One Minute of Nonsense
Thursday, August 02, 2007 8:11 PM
One anonymous teacher who is quoted in my book, claims that her district is not using DIBELS because administrators and teachers want to use it or because it gives helpful information, because it doesn't, she claims. "We'reusing it because Reading First requires it," she says. "Some schools are
posting fluency scores of children ... and then the students have race cars,
in the form of bulletin boards, where they are trying to race to the speed
goal. On the phoneme segmentation part, some kindergarten classrooms have
been known to drill and practice the segmentation while kids are in line
waiting for the restroom."
DIBELS is not just an early literacy test. Teachers are required to group
learners and build instruction around the scores. They're evaluated on the
DIBELS scores their pupils achieve. Publishers are tailoring programs to
DIBELS. And academic and life decisions for children, starting in
kindergarten, are being made according to DIBELS scores.
I believe this period in American education will be characterized as the
pedagogy of the absurd.
Roland Good, a DIBELS developer, told the U.S. House of Representatives'
Education Committee during a hearing last April that three million children
are tested with DIBELS at least three times a year from kindergarten through
third grade. New Mexico provides every teacher with a DIBELS Palm Pilot so
the pupils' scores can be sent directly to Oregon for processing.
Kentucky's associate education commissioner testified at the hearing that
the state's Reading First proposal was rejected repeatedly until they agreed
to use DIBELS. The DOE inspector general cited conflicts of interest by Good
and his Oregon colleagues in promoting DIBELS.
Another teacher, quoted in my book, claims that while the DIBELS test is
used throughout the school year, any child who receives the label "Needs
Extensive Intervention" as a result of the first testing must be monitored
with a "fluency passage" every other week.
No test of any kind for any purpose has ever had this kind of status. In my
book, I analyzed each of the subtests in depth. Here are my conclusions:
• DIBELS reduces reading to a few components that can be tested in one minute. Tests of naming letters or sounding out nonsense syllables are not tests of reading. Only the misnamed Reading Fluency test involves reading a meaningful text, and that is scored by the number of words read correctly in one minute.
• DIBELS does not test what it says it tests. Each test reduces what it claims to test to an aspect tested in one minute.
• What DIBELS does, it does poorly, even viewed from its own criteria. Items are poorly constructed and inaccuracies are common.
• DIBELS cannot be scored consistently. The tester must time responses (three seconds on a stopwatch), mark a score sheet, and listen to the student, whose dialect may be different from the tester, all at the same time.
• DIBELS does not test the reading quality. No test evaluates what the reader comprehends. Even the "retelling fluency test" is scored by counting the words used in a retelling.
• The focus on improving performance on DIBELS is likely to contribute little or nothing to reading development and could actually interfere. It just has children do everything fast.
• DIBELS misrepresents pupil abilities.

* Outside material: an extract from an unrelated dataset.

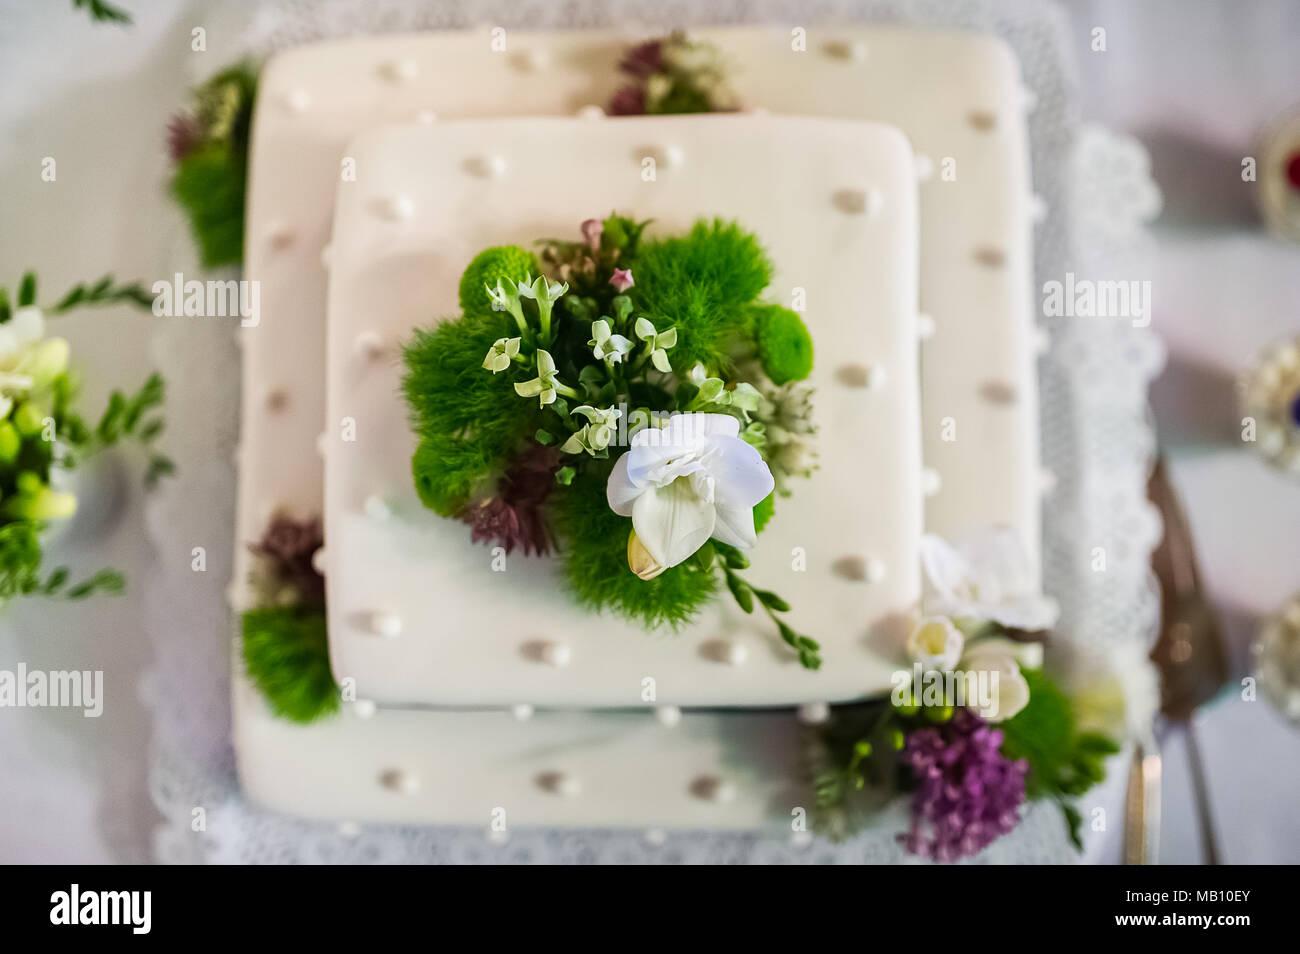 Gâteau de mariage avec un décor de fleurs et de glaçage blanc Photo Stock
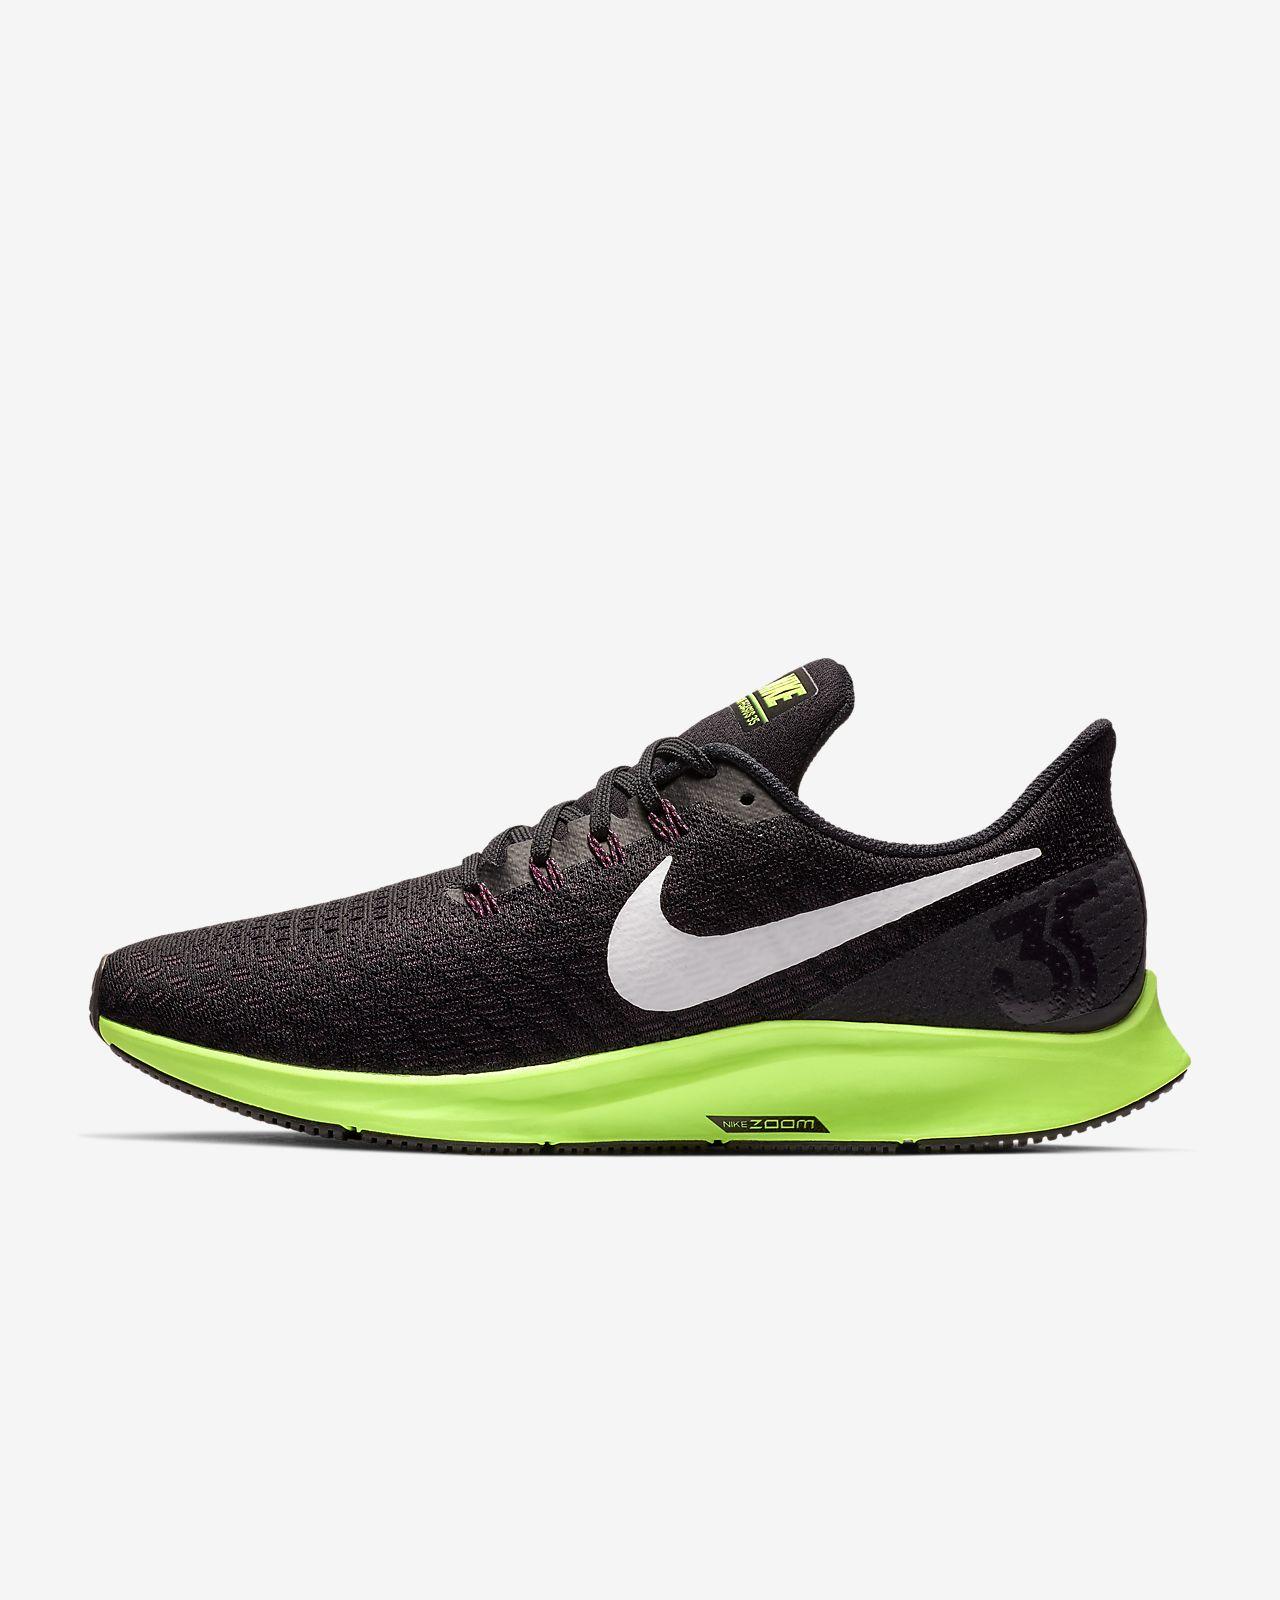 bfa3ffba94b222 Nike Air Zoom Pegasus 35 Men s Running Shoe. Nike.com LU

Children who already comprehend print are undervalued, and those who race through each test with no comprehension are overrated.
• DIBELS demeans teachers. It must be used invariantly. It leaves no place for teacher judgment or experience.
• DIBELS is a set of silly little tests. It is so bad in so many ways that it could not pass review for adoption in any state or district without political coercion. Little can be learned about something as complicated as reading development in one-minute tests.
Pedagogy of the Absurd
I believe this period in American education will be characterized as the
pedagogy of the absurd. Nothing better illustrates this than DIBELS. It
never gets close to measuring what reading is really about-making sense of
print. It is absurd that self-serving bureaucrats in Washington have forced
it on millions of children. It is absurd that scores on these silly little
tests are used to judge schools, teachers and children. It is absurd that
use of DIBELS can label a child a failure the first week of kindergarten.
And it is a tragedy that life decisions are being made for 5- and
6-year-olds on the basis of such absurd criteria.
Dr. Ken Goodman is professor emeritus in the Language, Reading and Culture
Department at the University of Arizona in Tucson. He is former president of
the International Reading Association, a bestselling author and a
contributing editor to The Pulse: Education's Place for Debate.